Что-то было в Мишке основательное, внушающее доверие — может быть, то, что он, совсем еще зеленый, сумел, несмотря на батьку-«лишенца», пробиться в писатели, стал известен в самой Москве. Подкупало в нем и то, что он, как выяснилось из первого же разговора, знал, о чем у Харлампия спрашивать. Хотя, может быть, ГПУ и подсказало ему эти вопросы? Да нет, если бы рыхлый следователь знал все, что он рассказывал Михаилу, дело у него давно бы уже сладилось.

Безусловно, Харлампию льстило, что именно ему молодой писатель оказал такое внимание (он и писателей-то живых раньше не видел), но все же не это было для него самым важным в их встречах с Михаилом. Тогда он не понимал, что именно, а теперь, поневоле думая о смерти, стал догадываться. В смерти, помимо того, что жизнь его будет насильственно оборвана, его страшило исчезновение из памяти людей — как будто он и не жил, не любил, не рожал детей, не пахал землю, не страдал, не водил полки в атаку в кровавых битвах гражданской… Пройдет десяток-другой годов после его смерти — и кто вспомнит о нем на Дону? Неужели его жизнь была звук пустой? Одинокая жизнь, одинокая погибель…

Этот парень, Шолохов, был в чем-то сродни ему — с печатью одиночества на совсем еще юном лице, с какой-то тайной мыслью в улыбчивых глазах, с твердой волей, угадывающейся в выражении бровей. Было у него и то, чего ему, Харлампию, никогда в жизни не хватало — осторожность, неторопливость, терпение.

И вот ему, в сущности, теперь он доверил свою жизнь — точнее, все, что от нее осталось. Харлампий не мог знать, что Михаил сделает со всем этим, но почему-то верил, что судьба свела их не случайно. Приемный отец рассказывал ему, что ни одно дерево в лесу не умирает зря, само по себе, как одинокий человек, а отдает всю свою силу лесу. Вчера оно еще гудело от бегущих по нему от корней к ветвям соков, а нынче уже стоит сухое, звонкое, мертвое. Но соки его не пропадают, не свертываются, как кровь в жилах мертвеца, а передаются через подземные воды и корни соседним деревьям. Архип Солдатов говорил, что потому и усыновил его, Харлашу, чтобы был он рядом с ним наподобие такого дерева. А для него, быть может, такое дерево — Мишка Шолохов?

Он не додумал эту мысль до конца и задремал.

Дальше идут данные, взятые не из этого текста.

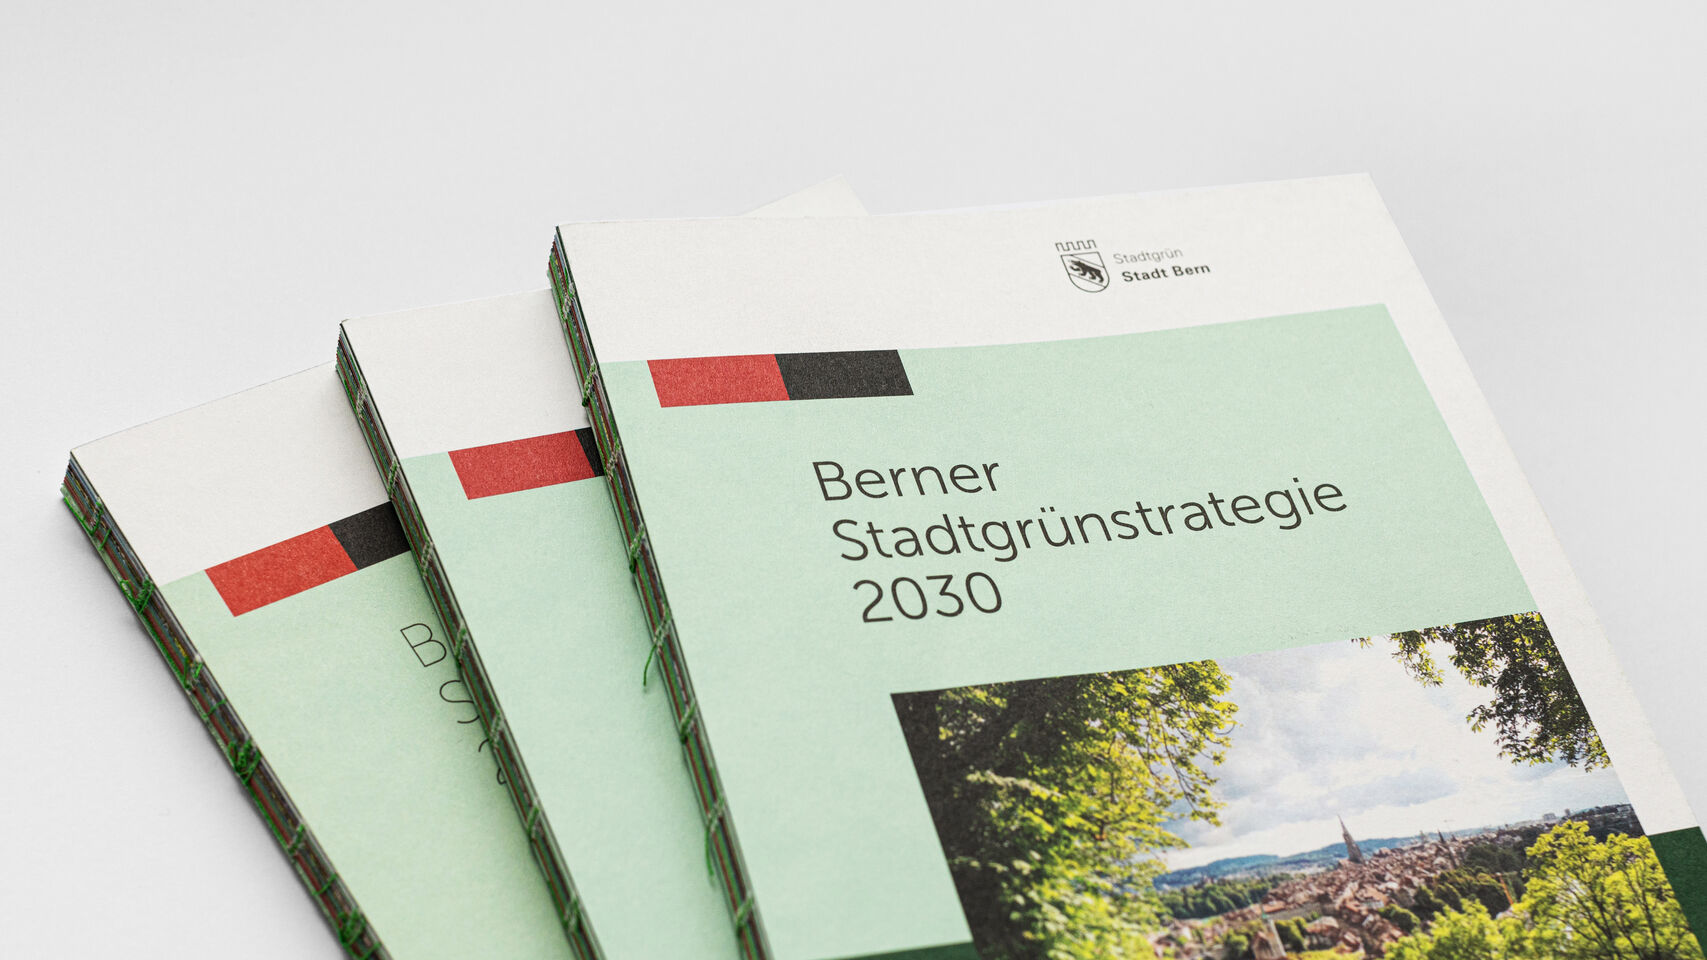 «Stadtgrün Bern – Broschüre Stadtgrünstrategie geschlossen und offen»

Снился ему раскинувшийся за излучиной Дона лес, могучий, таинственный, синий. Прилетел из степи ветер, пробежал быстрой волной по зеленым вершинам, шумнул в листве — и снова тишина, птичьи голоса, плеск донской волны, высокое небо, медленно плывущие по нему облака.

* * *

Несмотря на все старания «пухлявого» следователя, дело Ермакова на публичный судебный процесс, по мнению Резника, «нетянуло». «Контрреволюционной организации» в Базках не складывалось: Ермаков не дал показаний на предполагаемых участников, а они, в свою очередь, не дали показаний на него как на руководителя. Шолохова «пристегнуть» к организации тоже не удалось.

Резник знал, что готовится постановление Президиума ВЦИК о возвращении чекистам права вынесения смертных приговоров, поэтому испросил санкции у начальства в Ростове направить дело Ермакова на рассмотрение Коллегии ОГПУ в Москву и получил ее.

К составленному следователем «Конспекту по следственному делу № 7325 на гр. Ермакова Харлампия Васильевича по ст. 58 п. 11 и 18 УК» Резник приложил пакет с тремя документами: «Послужным списком» Ермакова, оправдательным приговором ему Доноблсуда от 29 мая 1925 года и письмом Шолохова Ермакову от 6 апреля 1926 года.

В Москве этот пакет лег на стол заместителя председателя ОГПУ Генриха Григорьевича Ягоды.

Ягода, как и Авербах, принадлежал к клану Свердловых: Яков Свердлов был ему троюродным братом. В Нижнем Новгороде молодой Ягода познакомился и подружился с Максимом Горьким, и, может быть, нижегородский псевдоним Алексея Пешкова — Иегудиил Хламида — был плодом этой дружбы. Там же, в Нижнем, Ягода вступил в 1907 году в партию. В ноябре 1917-го он редактировал газету «Крестьянская беднота». В апреле 1918-го Ягода из редактора стал вдруг, по протекции Свердлова, высоким армейским начальником — управляющим делами Высшей военной инспекции РККА. В 1918–1919 годах он часто бывал на Южном фронте, активно проводил в жизнь директиву Свердлова о расказачивании на Дону. Тогда-то с ним и познакомился Илья Резник. В ВЧК Ягода пришел в 1919 году, будучи одновременно членом коллегии наркомата внешней торговли.